Second Quarter 2016 and Recent Highlights include:

Presenting key efficacy and safety data from stage 1 of its phase 2 clinical study in metastatic pancreatic cancer patients treated with PEGPH20 at the 2016 American Society of Clinical Oncology (ASCO) (Free ASCO Whitepaper) Annual Conference. The results continued to show clinically meaningful efficacy for HA-high patients treated with PEGPH20 plus gemcitabine and ABRAXANE (nab-paclitaxel) versus gemcitabine and ABRAXANE alone, including median progression free survival of 9.2 months versus 6.0 months. Safety data presented from stage 2 of the study continued to show a reduction in the rate of thromboembolic events in both treatment arms as compared to stage 1.
The company expects to report mature response rate and progression free survival data from stage 2 of the study in the fourth quarter.
Progressing with site initiations in the HALO-301 | Pancreatic study towards the goal of approximately 90 percent of centers ready to screen patients by the end of 2016.
After assessing recruitment and the enrollment of increasingly later line patients, Halozyme has decided to discontinue the PRIMAL study of PEGPH20 with docetaxel in non-small cell lung cancer patients and focus on immuno-oncology therapy in its ongoing phase 1b study of PEGPH20 in combination with KEYTRUDA.
Resuming patient enrollment and dosing in its ongoing phase 1b clinical study evaluating PEGPH20 in combination with KEYTRUDA (pembrolizumab) in relapsed lung and gastric cancer patients under a revised clinical protocol.

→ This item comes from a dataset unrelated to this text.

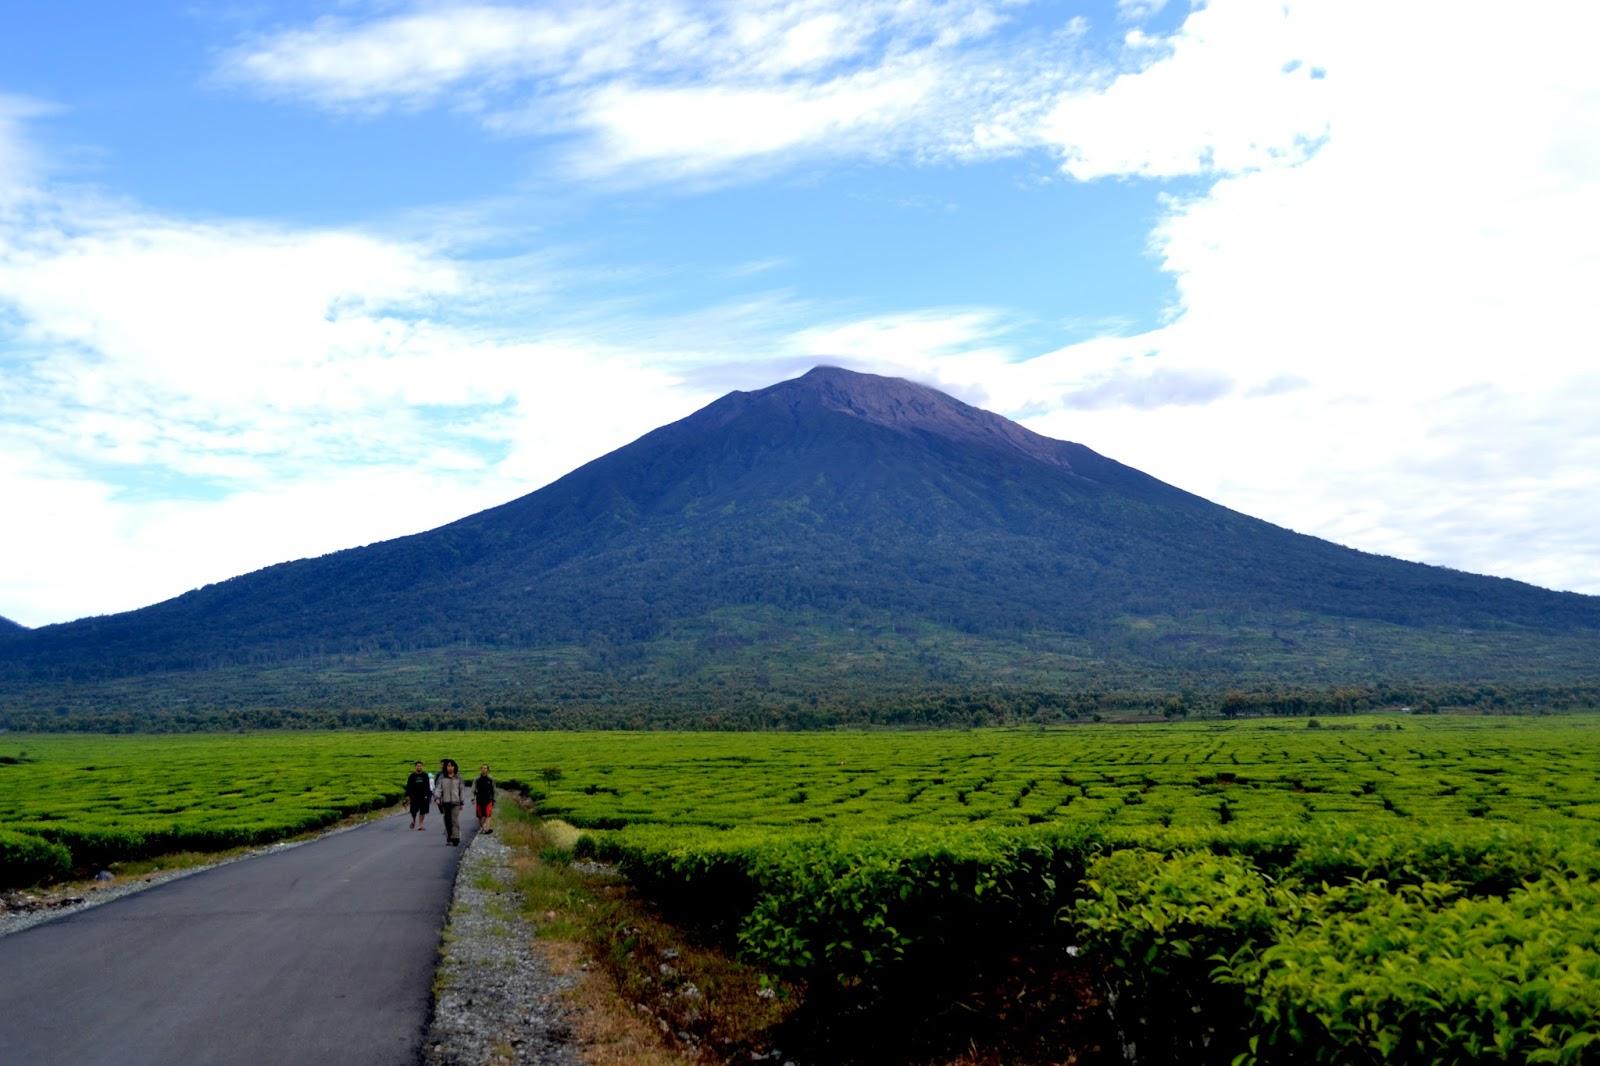 Pendakian Gunung Ciremai via Palutungan  Petaniadv  PETANI ADV  wisata alam gunung kota

The revised protocol has been submitted to all institutional review boards (IRB) and is pending feedback from the FDA. The majority of IRBs have approved the amended protocol allowing the study to resume. The company continues to project that the study will move into the dose expansion phase by the end of 2016, pending feedback from the FDA.
Dosing of first patient in its phase 1b/2 clinical collaboration with Eisai evaluating eribulin in combination with PEGPH20 in women with advanced or metastatic, HER2-negative, HA-high breast cancer.

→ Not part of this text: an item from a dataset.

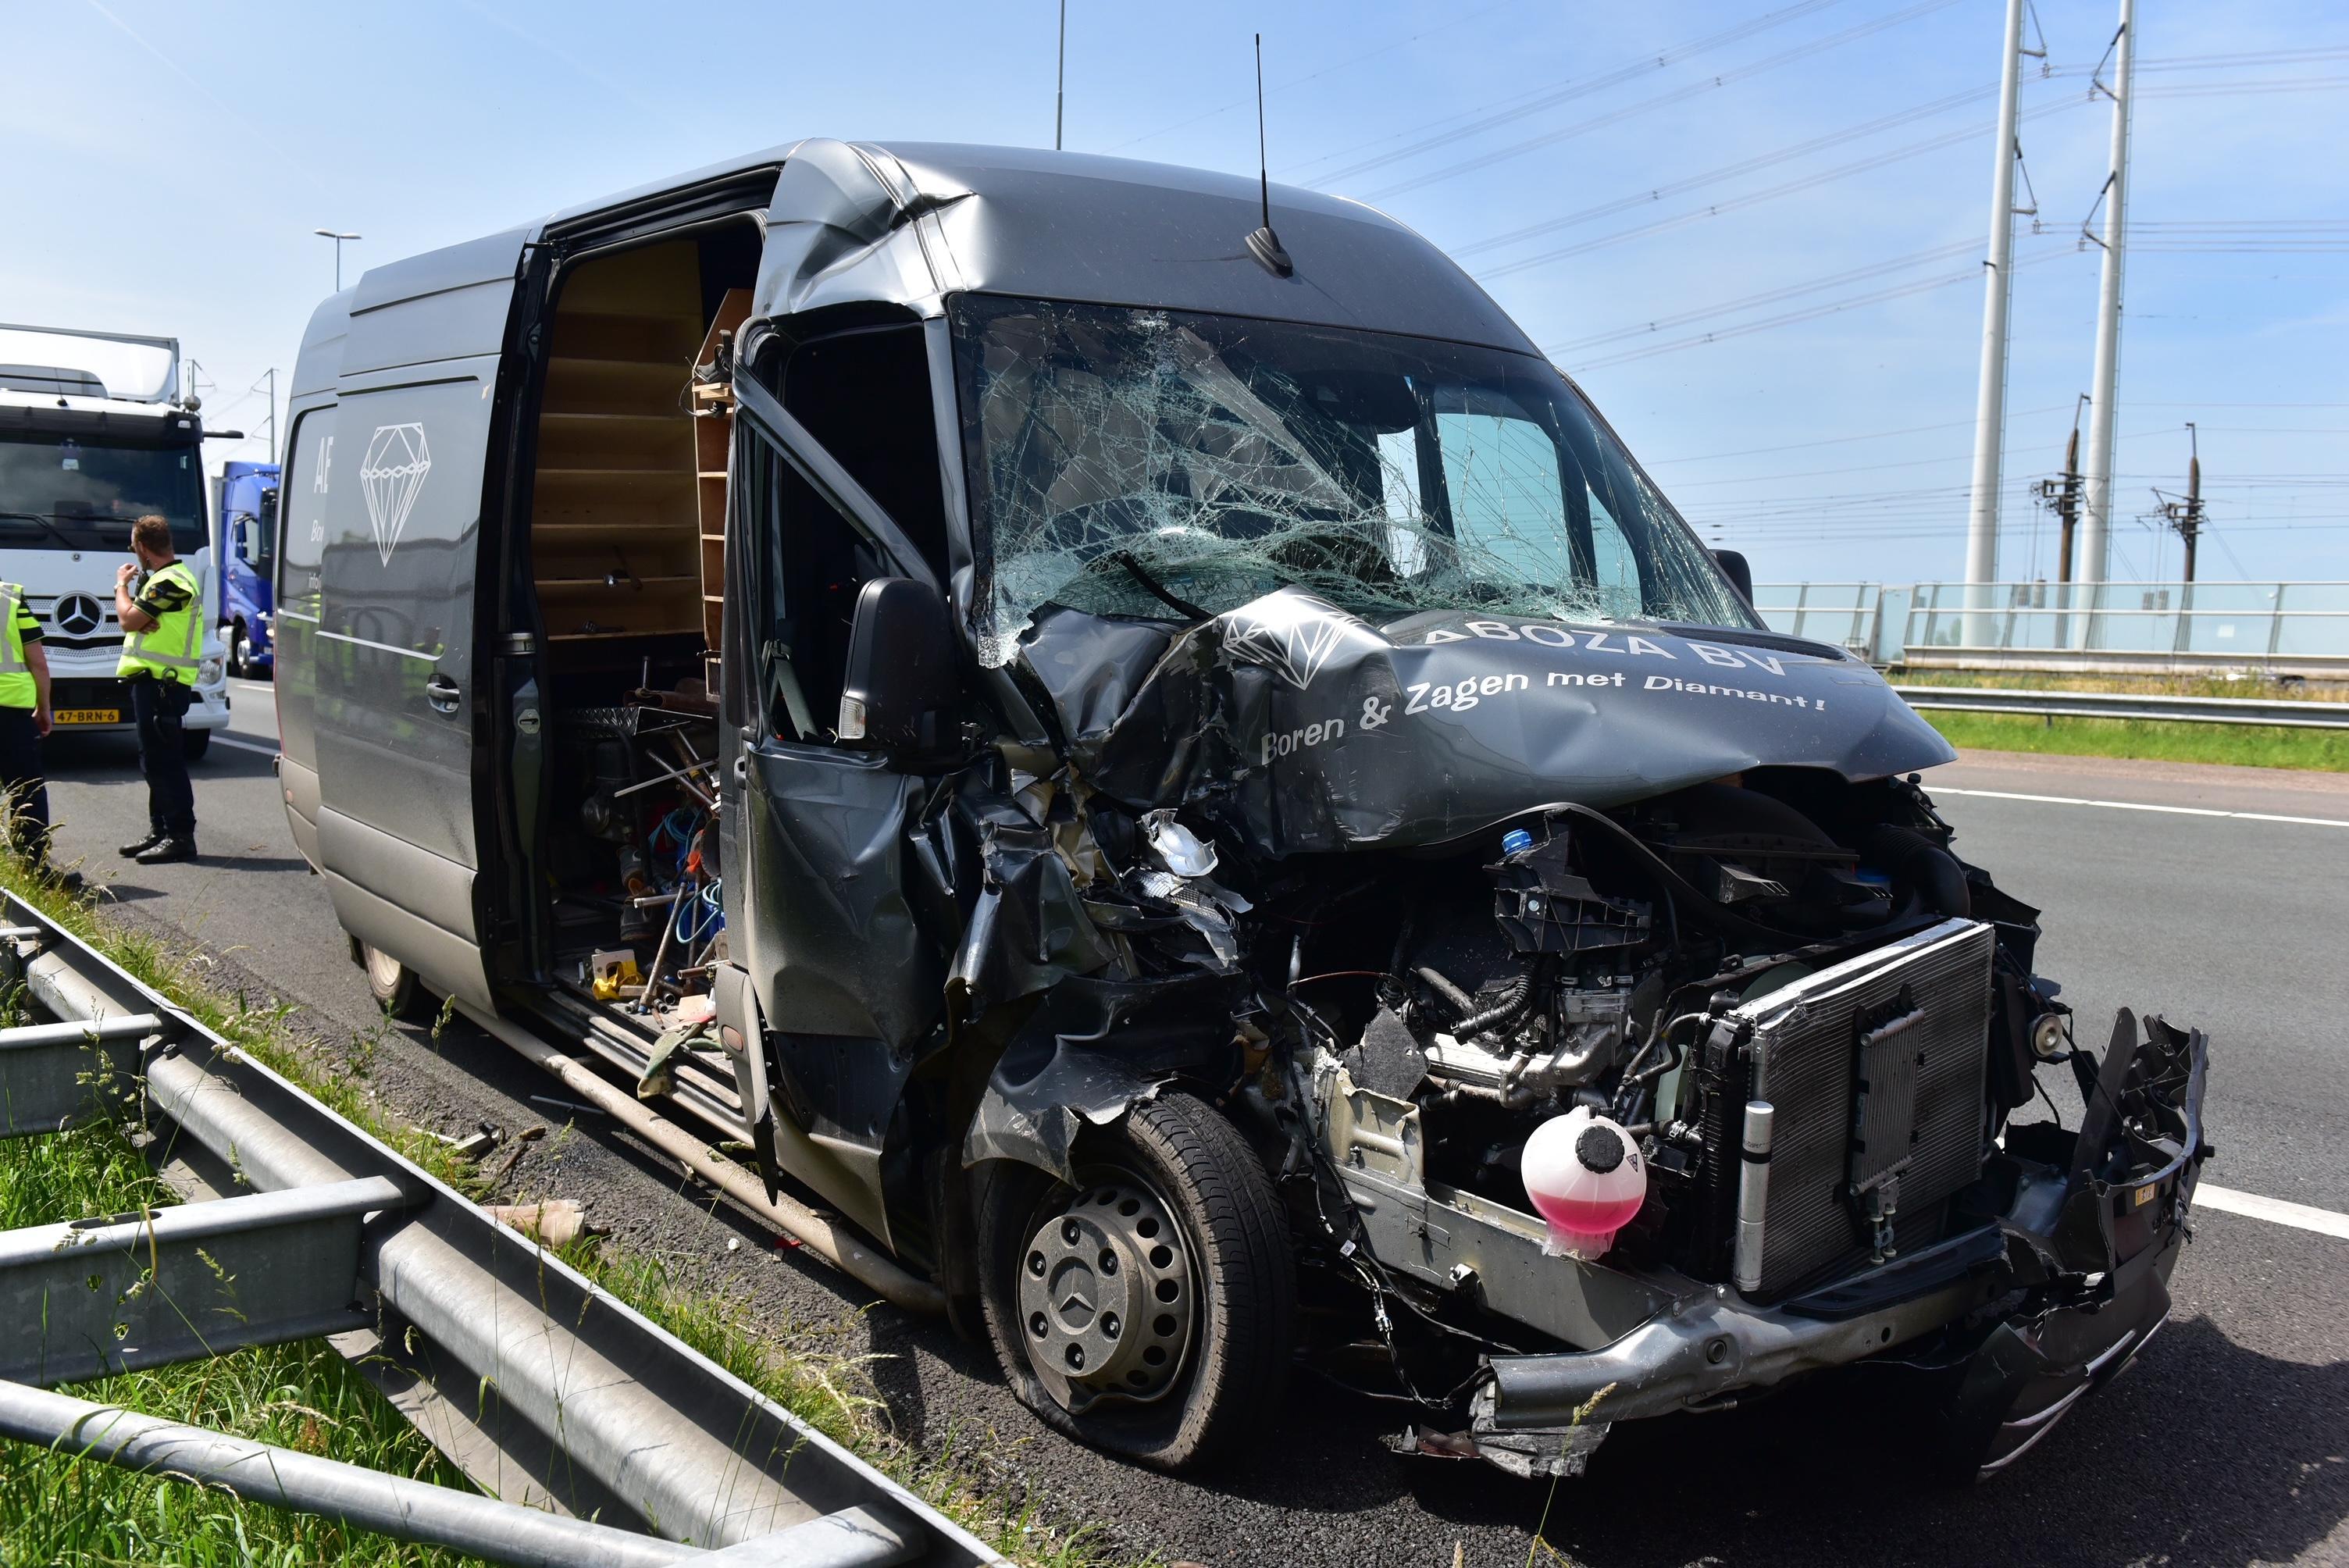 Bedrijfsbusje botst tegen vrachtwagen op A4 bij Rijpwetering: file van 3 kilometer

Shire launching the pediatric indication of HYQVIA in eight European countries to treat primary and certain secondary immunodeficiencies, following a marketing authorization granted by the European Commission in May. HYQVIA is co-administered with Halozyme’s ENHANZE technology.

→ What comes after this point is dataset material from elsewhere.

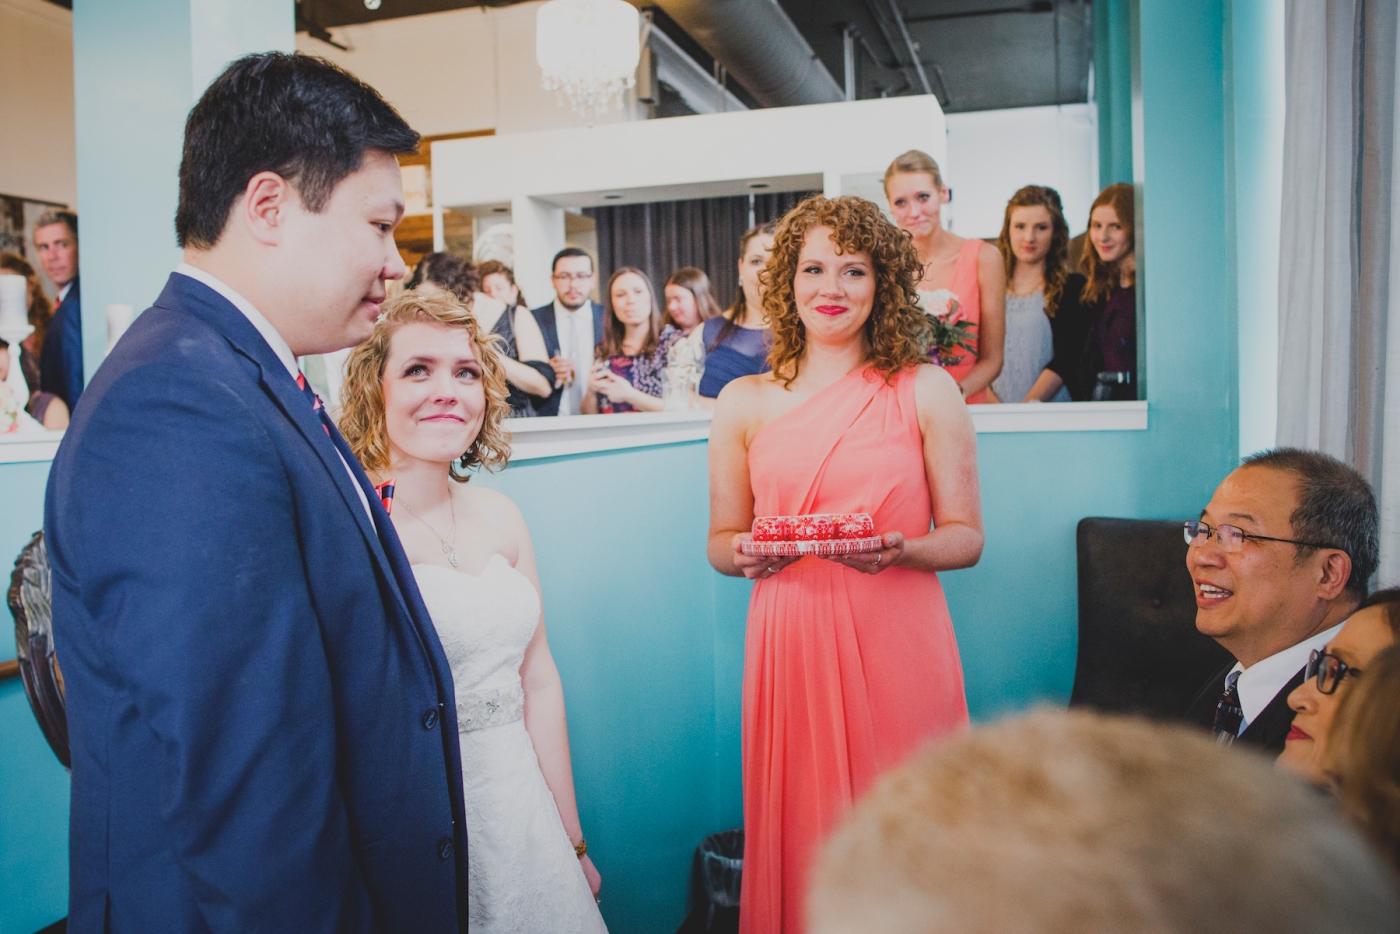 DSC_2982Everett_Wedding_Ballroom_Jane_Speleers_photography_Rachel_and_Edmund_teaceremony_2017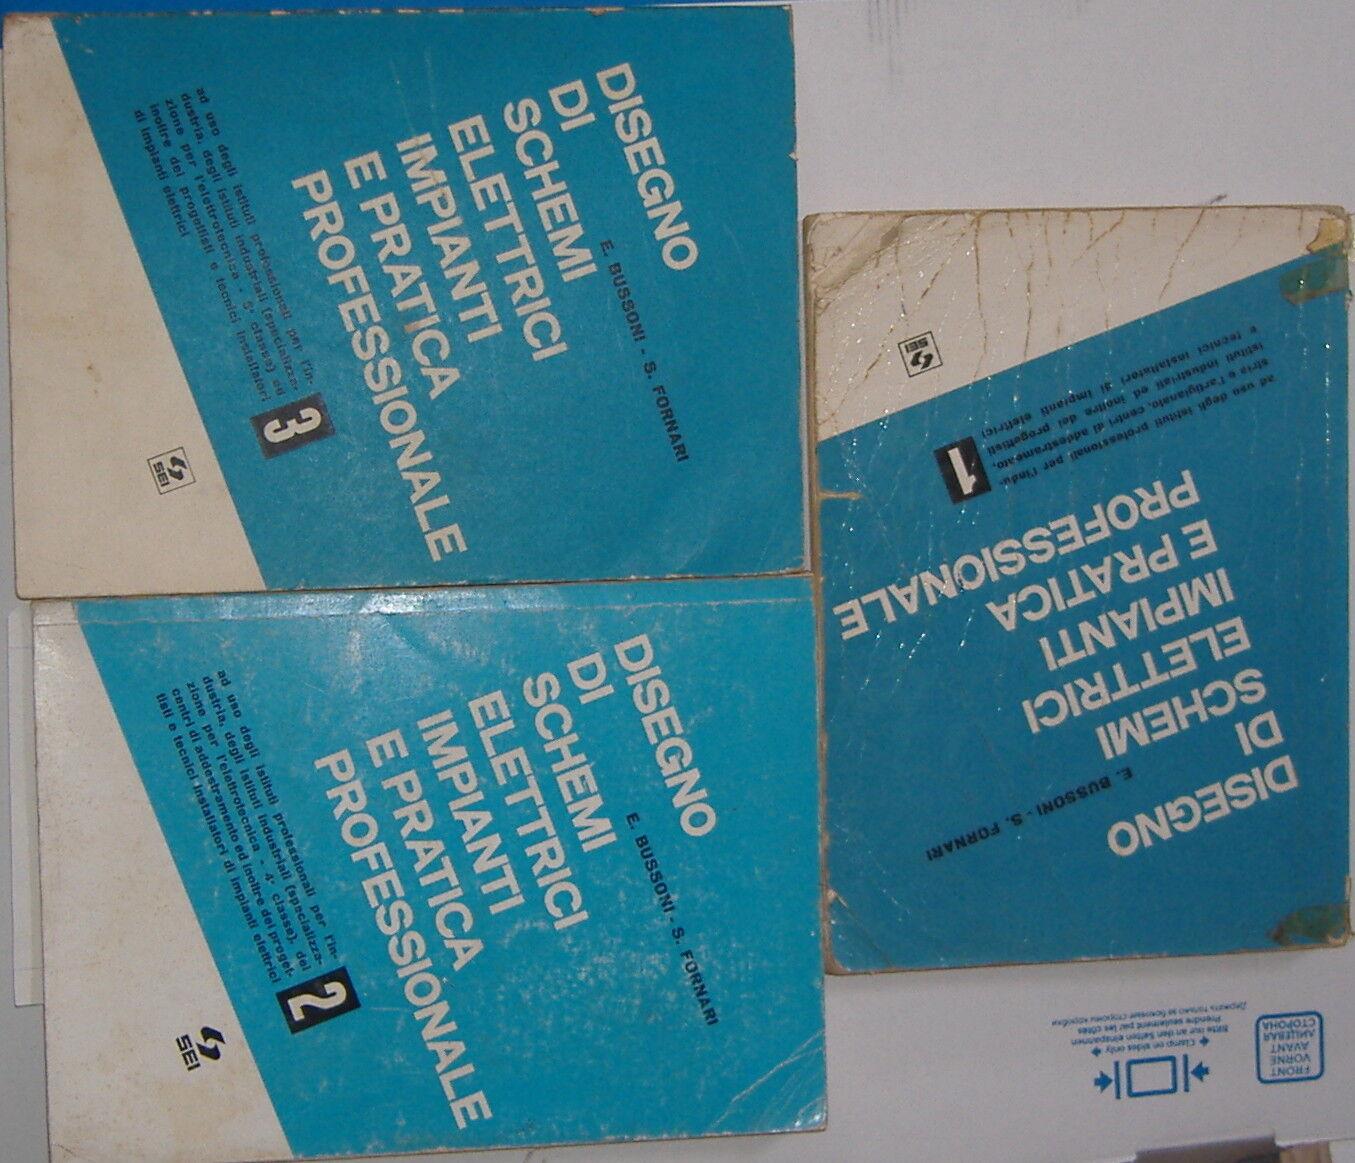 Schemi Elettrici Per Impianti Industriali : Disegno di schemi elettrici impianti e pratica professionale vol

Pfizer completing a phase 1 study of rivipansel with rHuPH20, demonstrating the feasibility of large volume subcutaneous administration in combination with Halozyme’s ENHANZE technology.
Roche receiving approval by the European Medicines Agency for an indication of Mabthera SC to treat patients with chronic lymphocytic leukemia.
Refinancing existing debt, increasing expected cash balances by $22 million in 2016 and 2017, with the option to borrow an additional $15 million in 2017.
Second Quarter 2016 Financial Highlights

Revenue for the second quarter was $33.3 million compared to $43.4 million for the second quarter of 2015. Revenue in the prior year period included $23 million for the initiation of the company’s partnership with AbbVie. Excluding the $23 million payment, revenue grew 64 percent year-on-year. Revenue for the second quarter included $12.3 million in royalties, $9.5 million in sales of bulk rHuPH20 primarily for use in manufacturing collaboration products and $4.2 million in HYLENEX recombinant (hyaluronidase human injection) product sales.
Research and development expenses for the second quarter were $35.5 million, compared to $21.2 million for the second quarter of 2015. The planned increases were primarily due to a ramp in spending associated with PEGPH20 study HALO-301, the investment in studies to explore the pan-tumor potential of PEGPH20 and manufacturing and clinical supply expenses that are reimbursed by ENHANZE partners.
Selling, general and administrative expenses for the second quarter were $11.2 million, compared to $9.8 million for the second quarter of 2015. The increase was primarily due to personnel expenses, including stock compensation, for the period.
Net loss for the second quarter was $26.9 million, or $0.21 per share, compared to net income in the second quarter of 2015 of $3 million, or $0.02 per share.
Cash, cash equivalents and marketable securities were $230 million at June 30 compared to $238.6 million at March 31, 2016.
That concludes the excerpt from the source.